Оба вождя крепко пожали друг другу руки.

Когда оба несколько успокоились, каид предложить сыграть партию в шахматы, чтобы отвлечь амина от тревожных мыслей.

– Я всегда готов играть, – ответил амин.

– Ты – искусный мастер этой игры, – заметил амину каид, – и мне приятно с тобою сразиться.

– Амии Акбар проводил своего гостя в соседнюю комнату, где были мозаичные столы для шахматной игры с фигурами из слоновой кости, и оба опустились на ковры. Каиду Мирабу пришлось играть белыми, и он с горячностью сделал несколько ходов. Амин Акбар, наоборот, всегда играл вдумчиво, глубоко обдумывая свои ходы; но теперь что-то мешало ему сосредоточиться на игре, и он сделал несколько оплошностей.

– Ты рассеян, – заметил ему каид. – Возьми себя в руки! Твоя ладья в опасности, и пешкой я делаю шах твоей королеве.

– Ничего не значить:, я закрываю её конём.

– Идёт! Теперь в опасности твой король.

Они продолжали игру. Время от времени хозяин дома поглаживал рукою свою длинную белую бороду и устремлял взгляд в окно, в котором раскрывался чудный ландшафт. Казалось, что он поджидал кого-то.

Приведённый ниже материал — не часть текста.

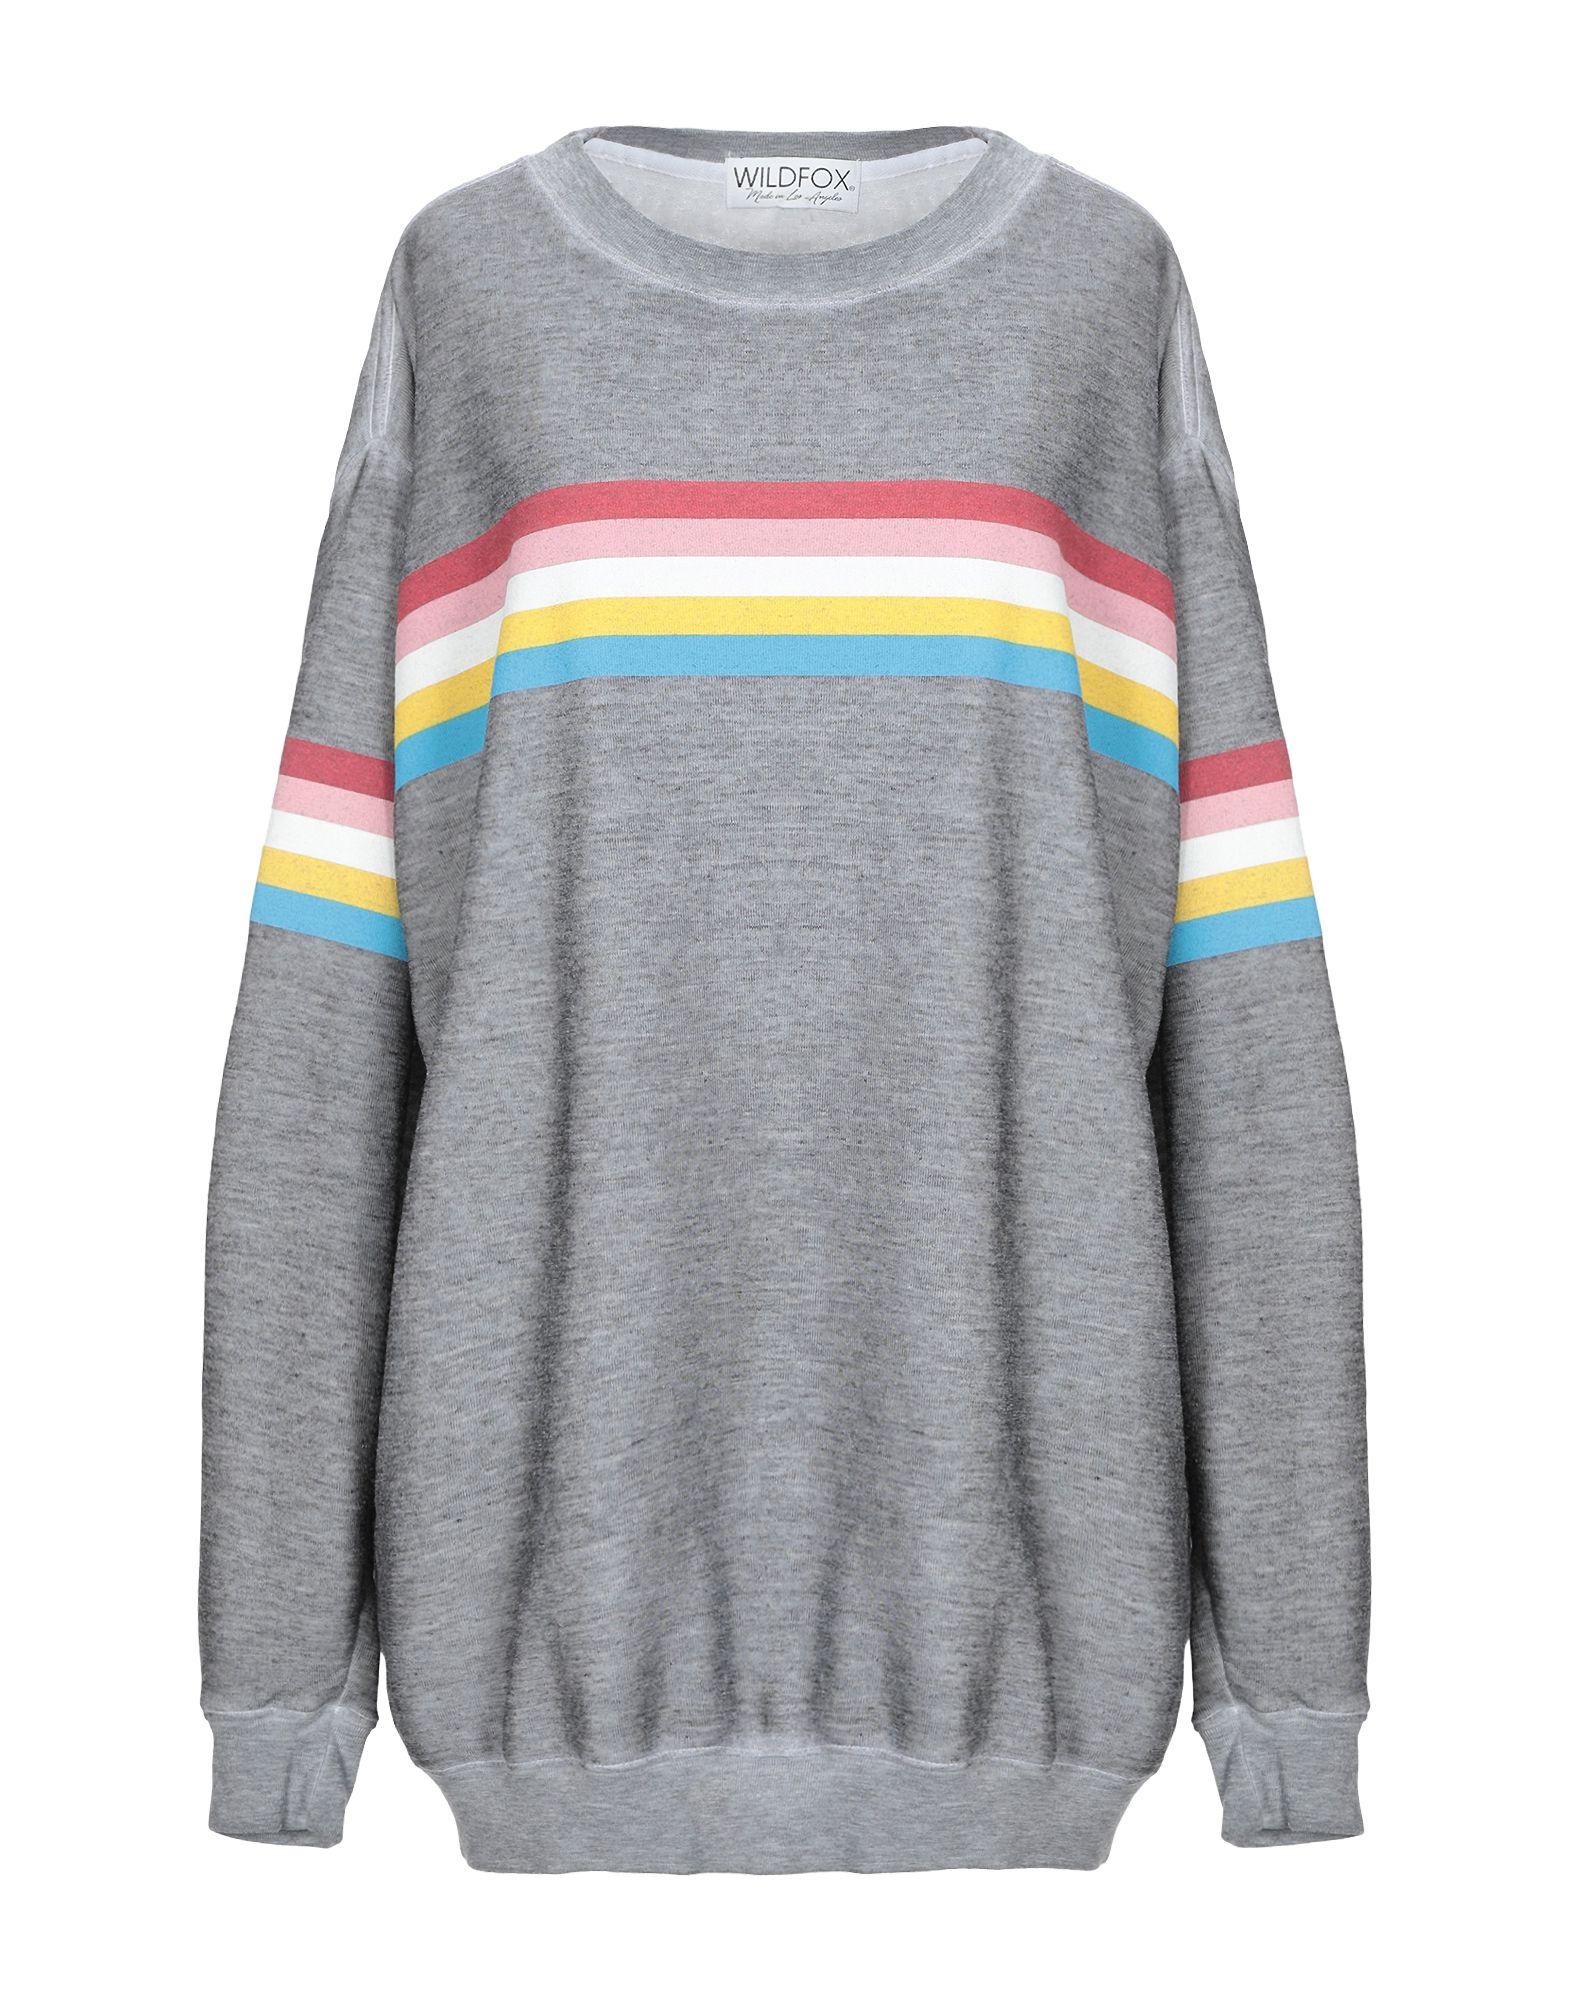 Lyst - Wildfox Sweatshirt in Gray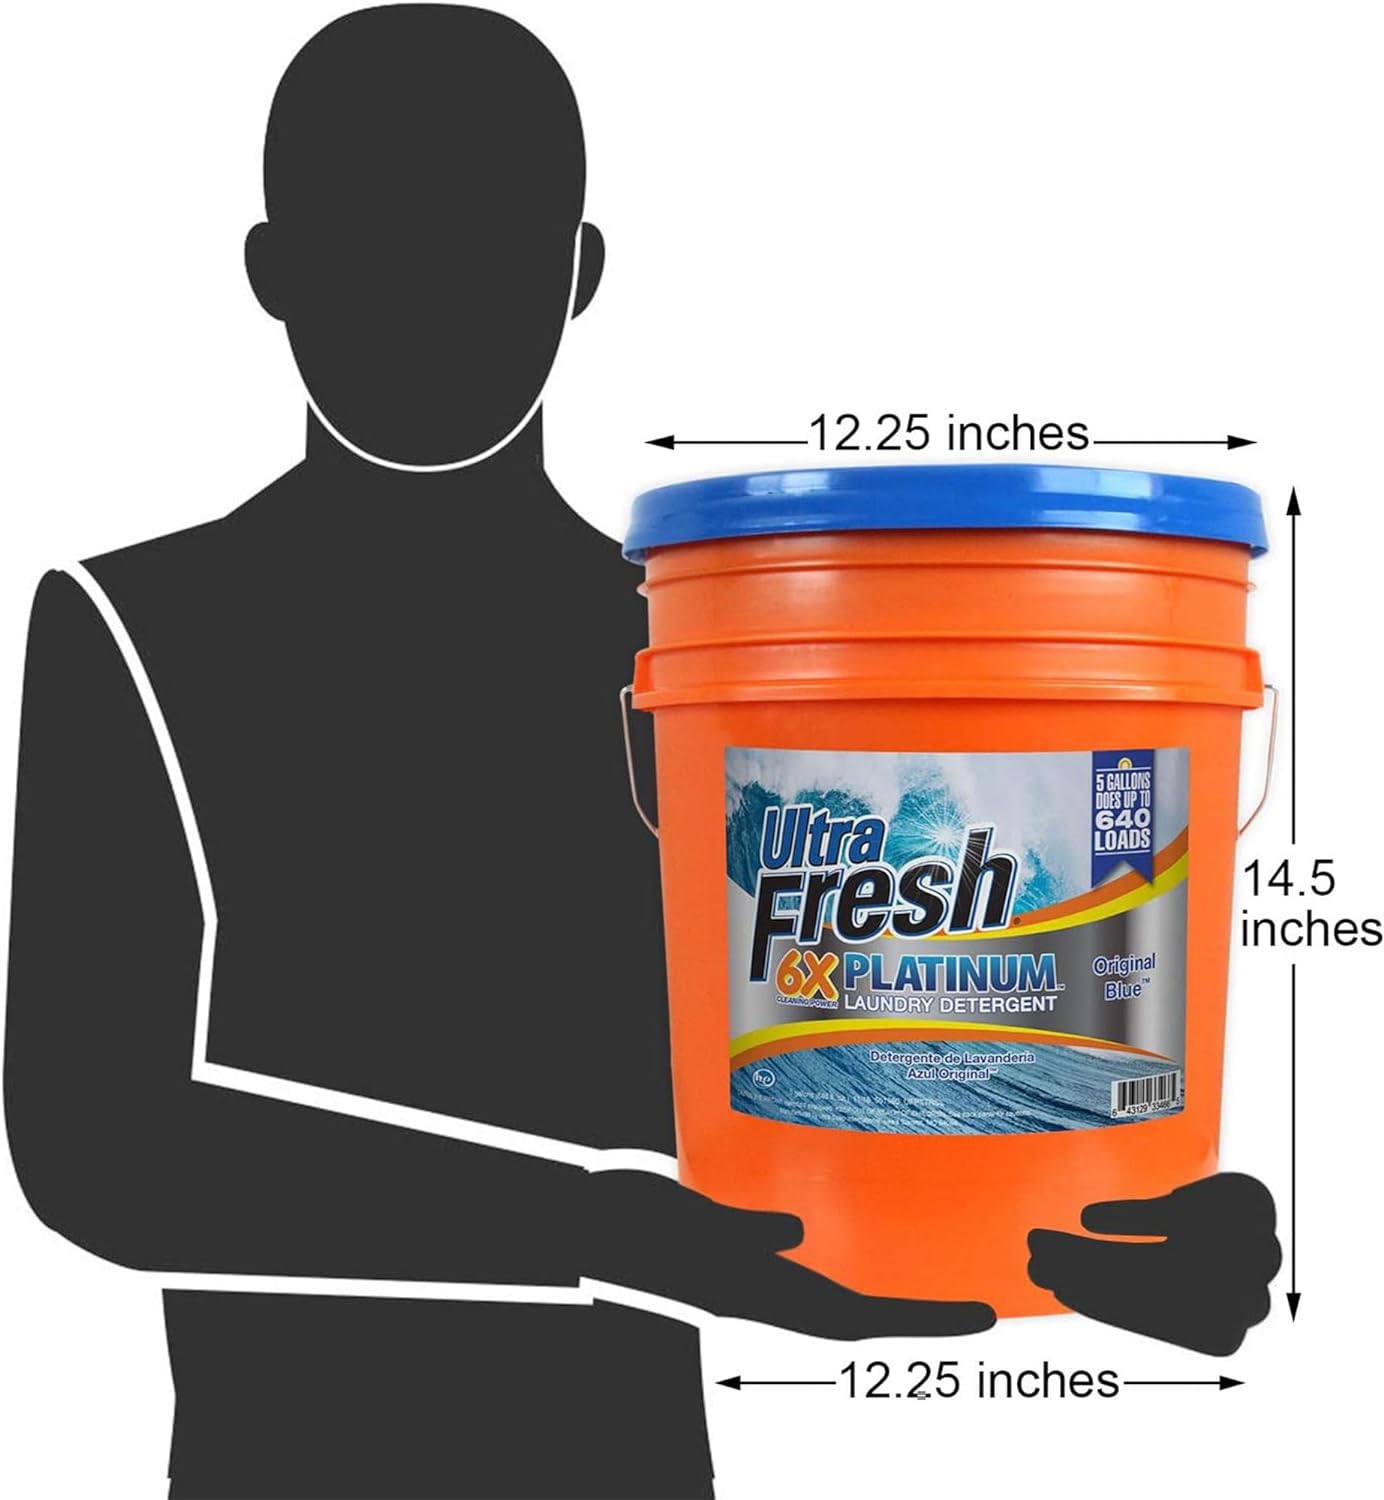 Ultra Fresh® 6X Platinum™ Laundry Detergent - Original Blue™ - 5 Gallons

Игра продолжалась уже почти час, и надежда победы колебалась с одной стороны на другую. Наконец, каид занял господствующее положение.

– Ещё раз, будь внимательнее! – воскликнул он. – О чем ты думаешь? Смотри: шах королю!

– Я закрываю его офицером.

– Опять шах!

– Я отодвигаю его назад.

– И он погиб…

– Посмотрим… Возможно! Да, правда, мат! Ты побил меня сегодня два раза, – сказал амин Акбар, мягким движением руки смешивая фигуры. – Посмотри: вот идёт мой сын!

Оба старца встали и, подойдя к окну, увидели Али, который па молодом и горячем арабском жеребце возвращался с соколиной охоты; с боку от него тоже прыгали две гончия собаки. Всадник казался сросшимся со своим конём, который послушно исполнял волю своего господина. Али любовно гладил его по глянцевитой шее и горделиво сидел в седле. Когда он подъезжал к дому, амин слегка отступил от окна, чтобы дать гостю большую свободу любоваться красивым зрелищем. Казалось, ему хотелось сказать: смотри, какой у меня сын!

И каид любовался этой сценой. Слуга взял у Али с рукавицы сокола; другой взял собак, которые с радостным лаем бросались к своему господину; третий взял под уздцы коня, чтобы отвести его в конюшню, после того, как Али соскочил со своего любимца. Тогда он пошёл в комнату, где в молчании ожидали его два старика. Он был прям и строен, как кедр, и на его лице цвела весна; у него были широкие плечи и железные мышцы; он был умён, крепок и силён, как герой. Укрощать коней и охотиться за львами было его обыкновенным занятием. Далекие путешествия в чужие земли развили в нем ум и любознательность, Он едва перешёл из юности в мужество, когда красота женщин становится уже опасной, но он не обращал на них внимания, пока, наконец, не полюбил Зюлейку. Любовь так овладела им, что он ни за что на свете не расстался бы с Зюлейкой, хотя бы для этого пришлось пройти сквозь небо и ад.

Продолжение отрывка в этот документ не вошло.